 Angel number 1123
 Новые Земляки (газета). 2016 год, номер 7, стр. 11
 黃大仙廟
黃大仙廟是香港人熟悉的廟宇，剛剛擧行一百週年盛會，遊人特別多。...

:::::

**Work to complete**.
A word-for-word repeat of the full data is needed.

**Exercise solution**.
 Angel number 1123
 Новые Земляки (газета). 2016 год, номер 7, стр. 11
 黃大仙廟
黃大仙廟是香港人熟悉的廟宇，剛剛擧行一百週年盛會，遊人特別多。...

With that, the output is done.